CSE 573 Paper Review #3 - Reviewed by Patrick Haluptzok Nov 4, 2003

From: Patrick Haluptzok (patrickh_at_windows.microsoft.com)
Date: Tue Nov 04 2003 - 23:23:42 PST

  • Next message: Daniel Lowd: "Automatic SAT-Compilation of Planning Problems (Ernst et al., 1997)"

    CSE 573 Paper Review #3 - Reviewed by Patrick Haluptzok Nov 4, 2003

     

    Automatic SAT-Compilation of Planning Problems

    Michael D. Ernst, Todd D. Millstein, and Daniel S. Weld

    One-line summary:

    A method is presented for converting planning problems in STRIPS into propositional constraint problems which can be solved quickly and from which a solution to the original planning problem is produced.

    The (two) most important ideas in the paper, and why:

    Planning problems can be converted into propositional constraint problems where fast algorithms like WalkSAT or Tableau exist to find solutions. From the solutions for the propositional constraint problems a solution for the original planning problem is produced. This is important because planning problems that couldn't be solved in reasonable time using planning methods can be converted to proposition constraint problems and solved.

    The conversion of planning problems to propositional constraint problems can be automated with a compiler. Extremely clever and non-obvious techniques for encoding a STRIPS problem into propositional logic give numerous trade-offs in the number of variables and clauses produced - which greatly effect the final run time. Finding the right combination of options makes a big difference in the run-time of solving the propositional constraint problem. The encoding of the actions, and the factoring of the frame axioms are impressive methods.

    The one or two largest flaws in the paper:

    The addition of domain axioms can greatly speed up the solution of the constraint satisfaction problem - which previous hand-coding techniques could take advantage of but the lack of an easy way to represent domain axioms in STRIPS limits the current automated approach. Also I didn't see measurements comparing the time to solve the STRIPS planning problem with the classic planner techniques versus the time to solve the constraint satisfaction problem with WalkSAT, and the estimated conversion time for any problems.
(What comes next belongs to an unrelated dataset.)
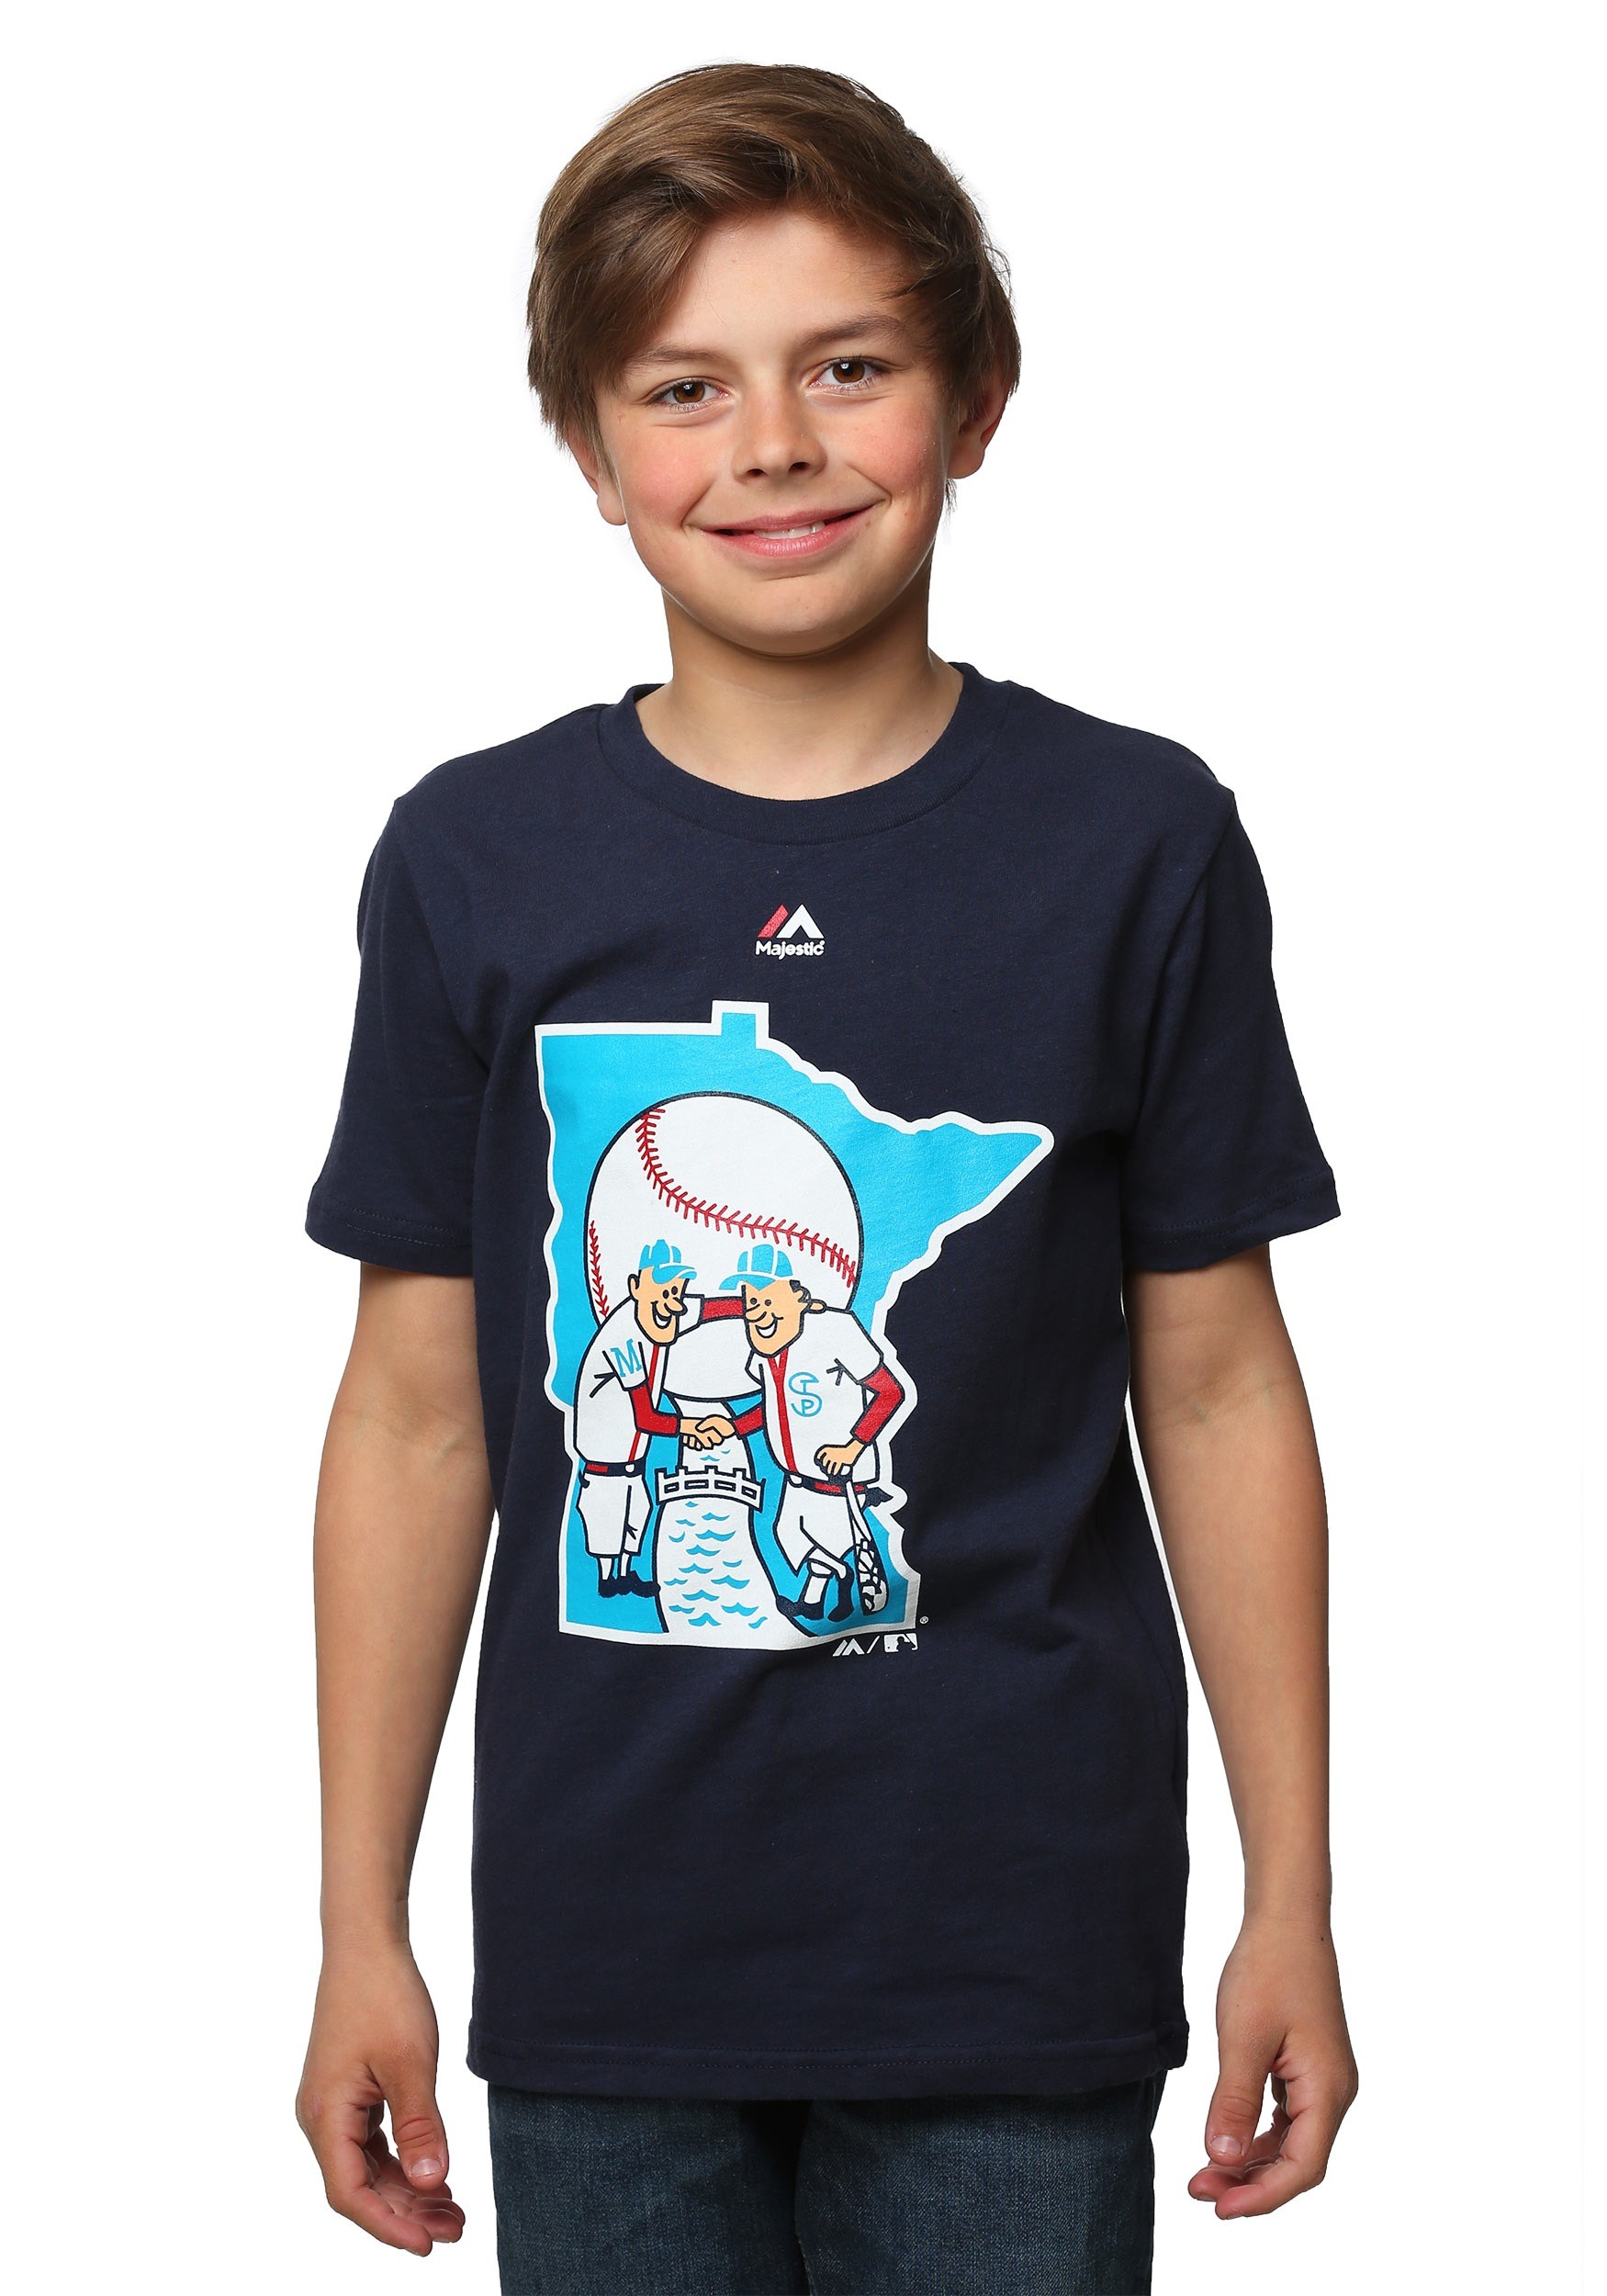 Minnesota Twins Cooperstown Official Logo Kids T-Shirt
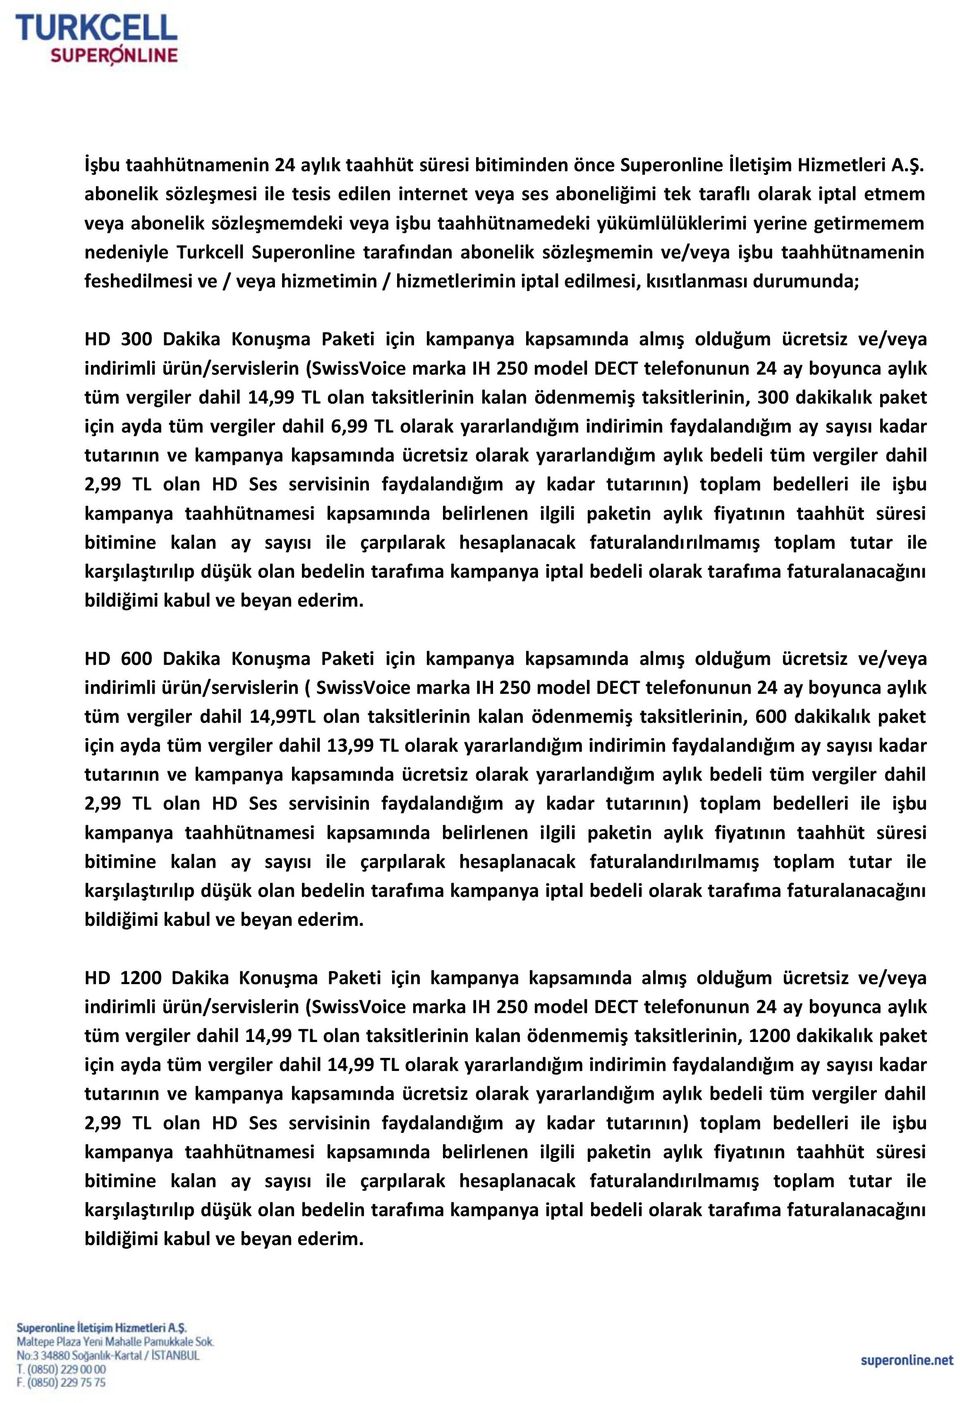 Turkcell Superonline tarafından abonelik sözleşmemin ve/veya işbu taahhütnamenin feshedilmesi ve / veya hizmetimin / hizmetlerimin iptal edilmesi, kısıtlanması durumunda; HD 300 Dakika için kampanya

    Identify two important, open research questions on the topic, and why they matter:

    Can domain axioms be generated automatically or encoded in another representation so the automatic method can approach the other method in run-time? Larger and more complex planning problems will be able to be solved if this can be done.

    Are there other tricks in representing actions, such that after splitting, factoring and simplifying the result is a simpler propositional constraint problem that can be solved much more quickly. Again this will enable larger and more complex planning problems to be solved.